HEADERS = {"Authorization": "Bearer your-token"}

# Navigate to a page
httpx.post(f"{BASE}/navigate", json={"url": "https://example.com"}, headers=HEADERS)

# Get only interactive elements to keep tokens low
snapshot = httpx.get(f"{BASE}/snapshot?filter=interactive&format=compact", headers=HEADERS)
refs = snapshot.json()

# Click a button by its ref
httpx.post(f"{BASE}/action", json={"kind": "click", "ref": "e5"}, headers=HEADERS)

# Read the result
text = httpx.get(f"{BASE}/text", headers=HEADERS)
print(text.text)

Node refs are stable within a snapshot. After a click that loads a new page, take a fresh snapshot—refs on the new page are independent. For pages that update without a full load (React, Vue SPAs), use ?diff=true to see what changed rather than re-fetching the whole tree.

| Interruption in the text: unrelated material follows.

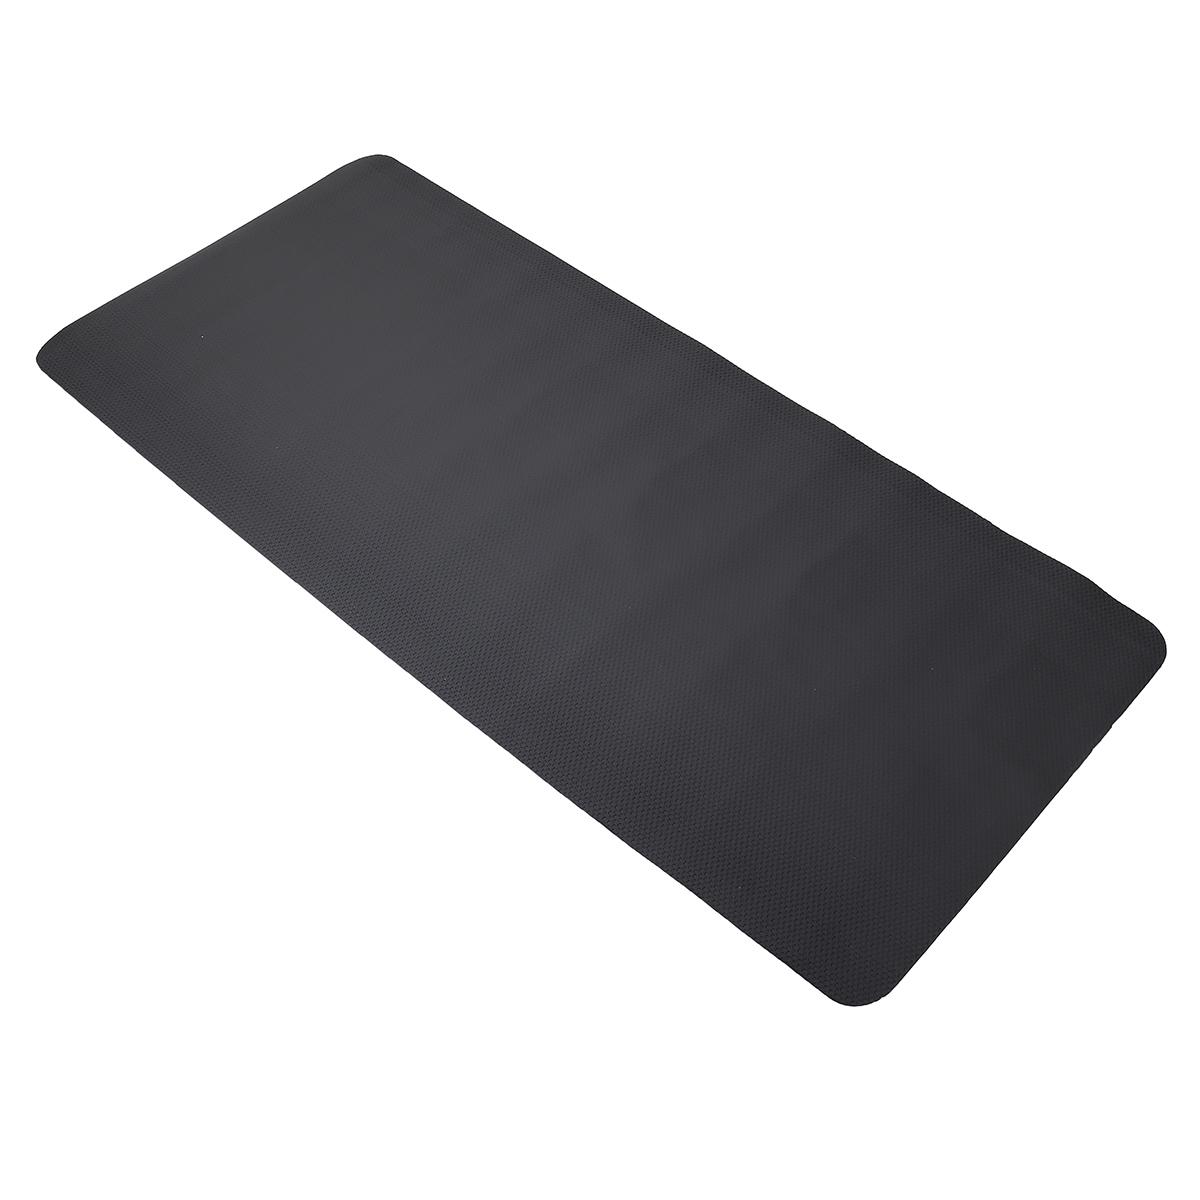 180x75cm Exercise Mat Yoga Mats Gym Equipment Pad For

For multi-agent setups where several agents share a browser instance, use tab locking:

# Lock tab 1 for exclusive use
curl -X POST localhost:9867/tab/lock -d '{"tabId": 1}'

# ... do your work ...

# Release it
curl -X POST localhost:9867/tab/unlock -d '{"tabId": 1}'

When it fits well

Pinchtab is a good fit for agents that need to browse the web but don’t need to be tightly coupled to a browser testing framework. Specifically:

  • Web scraping and content monitoring at any scale
  • Form automation (sign-ups, data entry, multi-step workflows)
  • Authenticated scraping after a one-time login setup
  • Agents running in bash scripts, Go programs, or any language with HTTP support
  • Setups where you want to switch between different agent frameworks without changing browser integration

It’s not the right tool for pixel-accurate visual testing (Playwright is better there), or for sites where the accessibility tree is sparse or unreliable. Some single-page apps built with custom components don’t expose much useful ARIA data, and a full screenshot becomes the more practical option.

Getting started

# Docker (easiest, no Chrome install needed)
docker run -d \
  -p 127.0.0.1:9867:9867 \
  --security-opt seccomp=unconfined \
  -e BRIDGE_TOKEN=your-secret-token \
  -e BRIDGE_HEADLESS=true \
  pinchtab/pinchtab:latest

curl -H "Authorization: Bearer your-secret-token" http://localhost:9867/health

# Build from source (requires Go 1.25+ and Chrome installed)
git clone https://github.com/pinchtab/pinchtab.git
cd pinchtab
go build -o pinchtab .
BRIDGE_HEADLESS=true BRIDGE_TOKEN=your-secret-token ./pinchtab

The GitHub repo has an OpenClaw skill that can install and configure Pinchtab automatically if you’re using an agent that supports skills.


Pinchtab is MIT licensed. Source on GitHub.